Leave out the pictures and output the data verbatim.

### [DATASET SECTION]
⁂

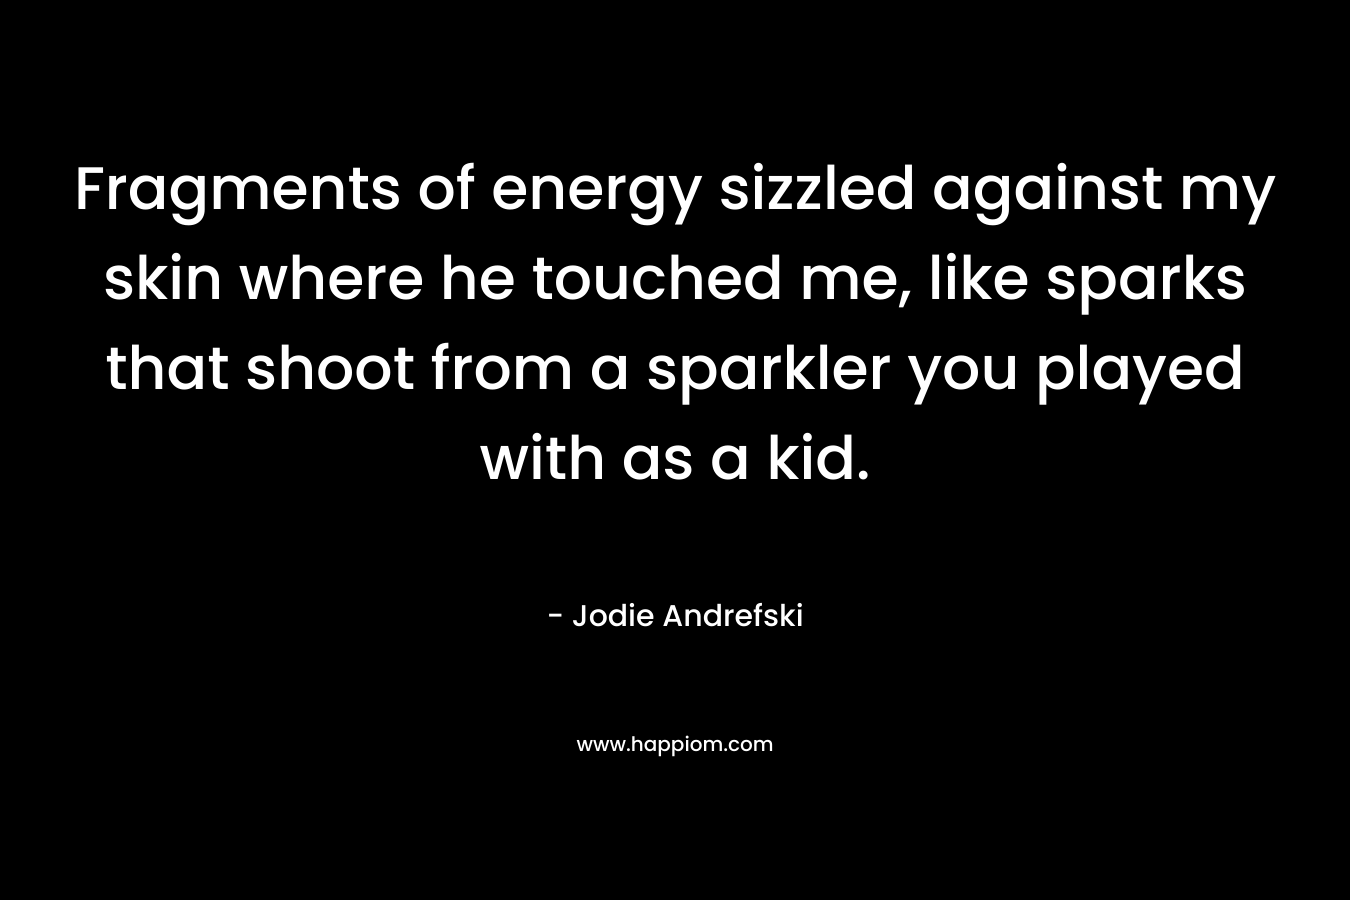 Fragments of energy sizzled against my skin where he touched me, like sparks that shoot from a sparkler you played with as a kid. – Jodie Andrefski
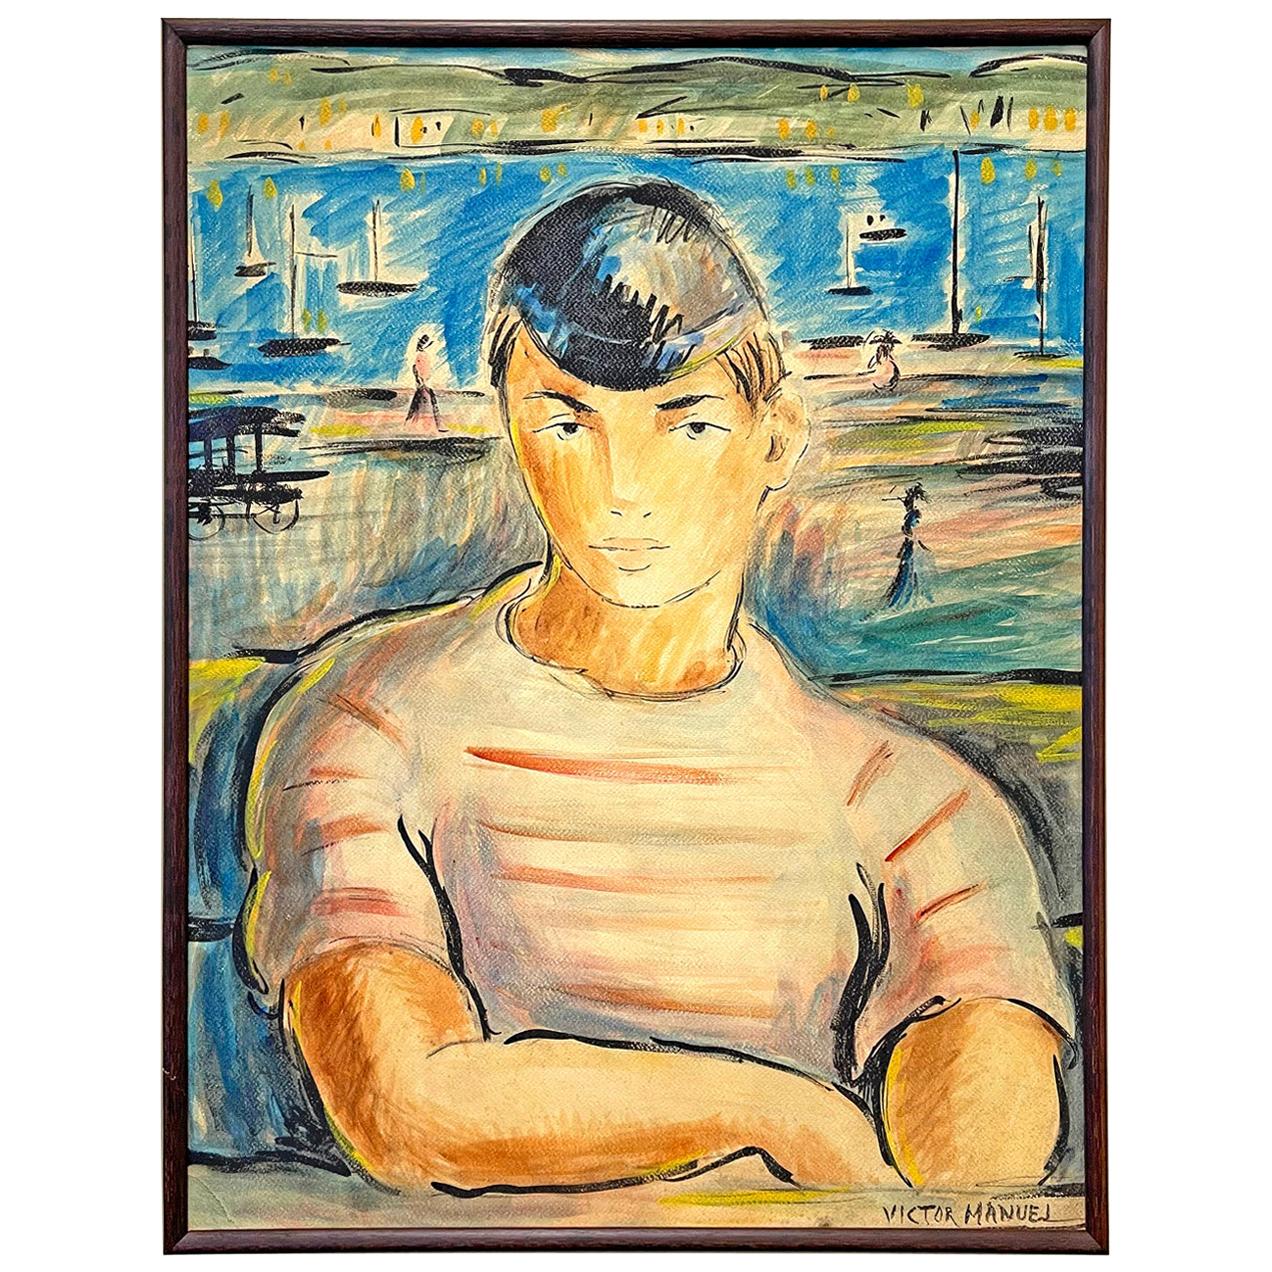 "Young Man in Striped Shirt, " Portrait with Harbor Scene by Cuban Artist
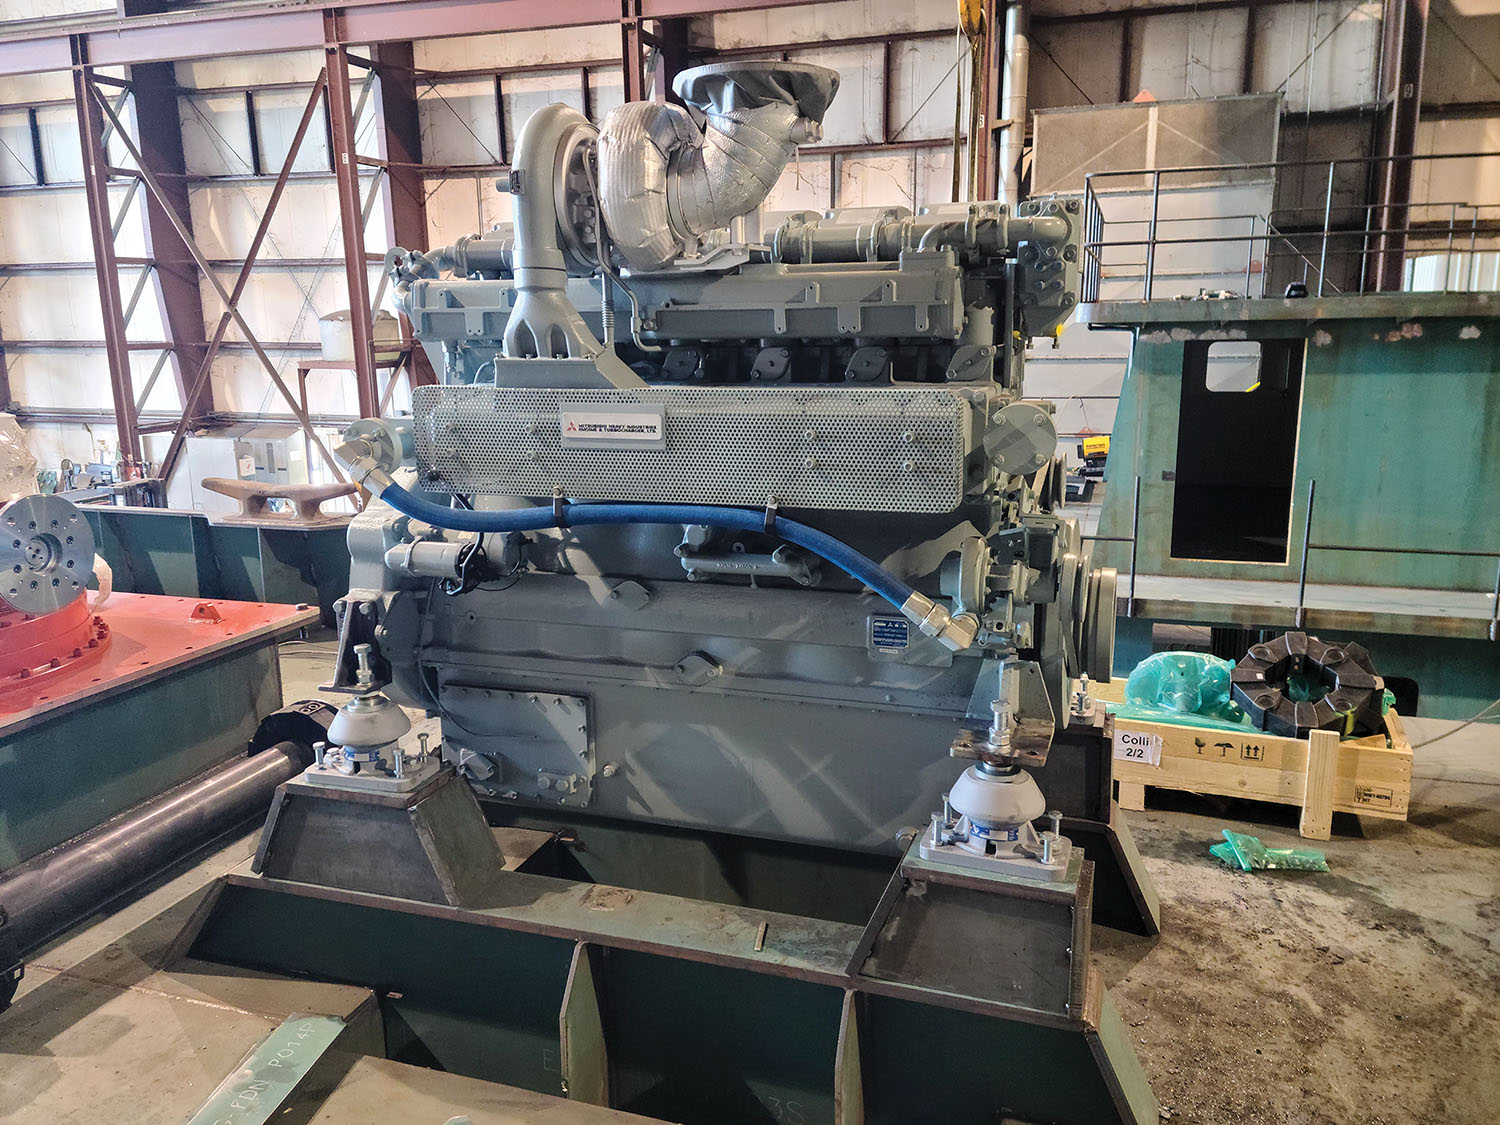 Awaiting installation at Kaskaskia Shipyard, this Mitsubishi S6R2 diesel engine from Laborde is one of two that will power the mv. Robert S. Wilkins. (Photo courtesy of Southern Illinois Transfer Company)
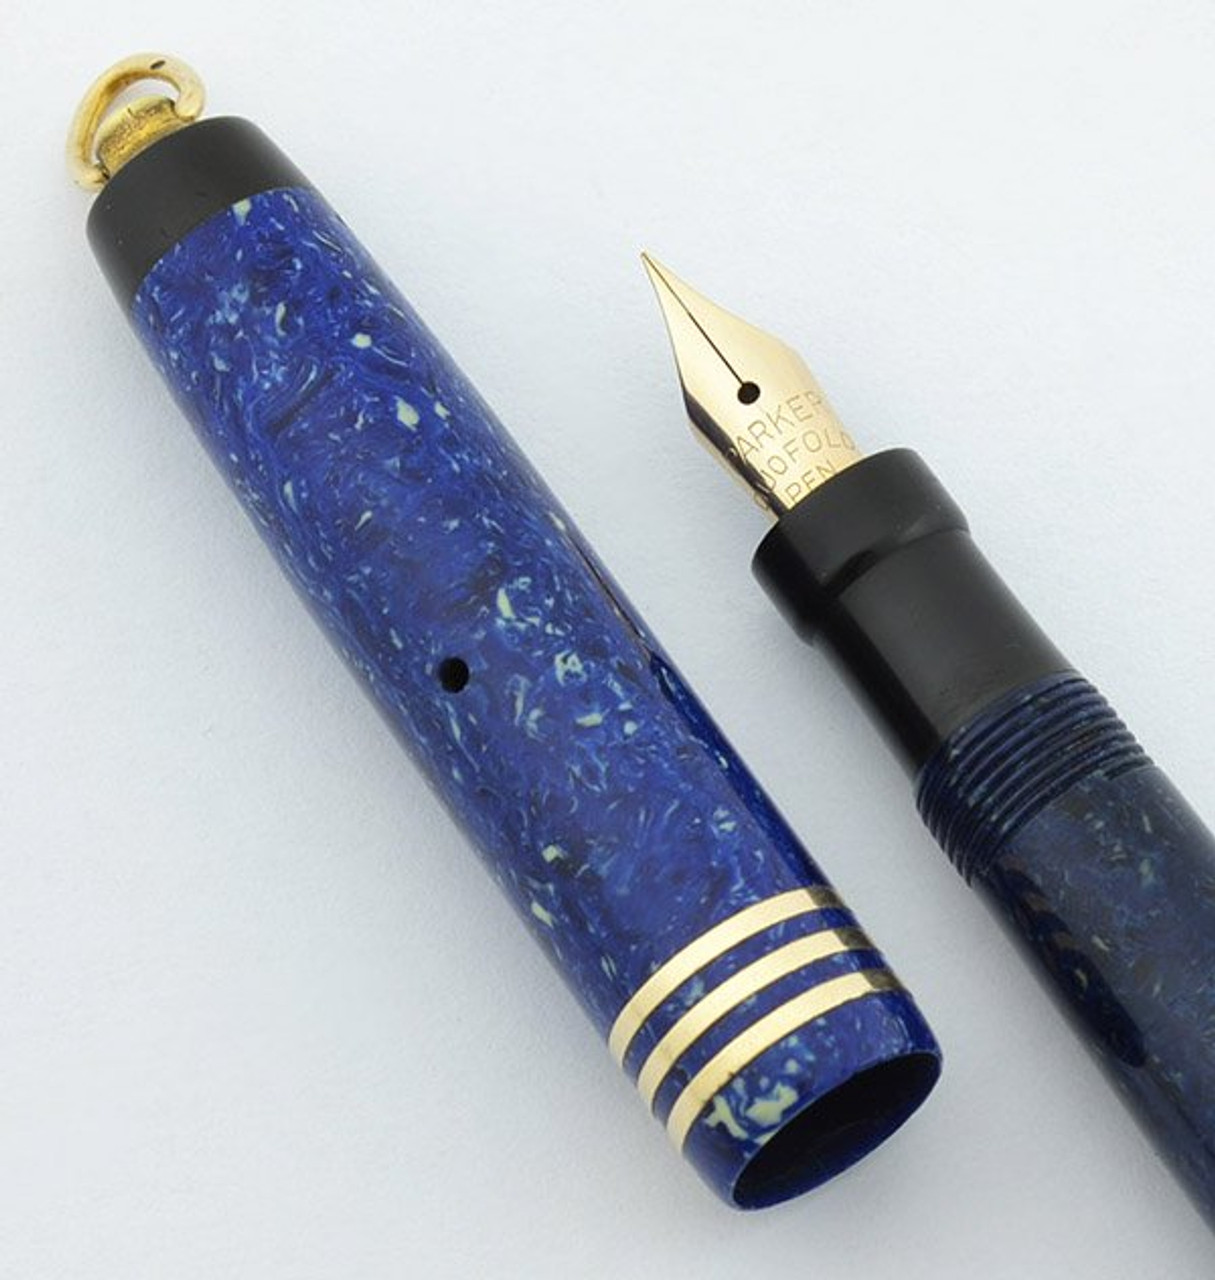 Parker Lady Duofold Fountain Pen - Streamline Ring Top, Lapis Blue, Extra Fine (Excellent, Restored)

⁂

### [SOLVED PROBLEM]
 Fragments of energy sizzled against my skin where he touched me, like sparks that shoot from a sparkler you played with as a kid. – Jodie Andrefski
 "Young Man in Striped Shirt, " Portrait with Harbor Scene by Cuban Artist
 Awaiting installation at Kaskaskia Shipyard, this Mitsubishi S6R2 diesel engine from Laborde is one of two that will power the mv. Robert S. Wilkins. (Photo courtesy of Southern Illinois Transfer Company)
 Parker Lady Duofold Fountain Pen - Streamline Ring Top, Lapis Blue, Extra Fine (Excellent, Restored)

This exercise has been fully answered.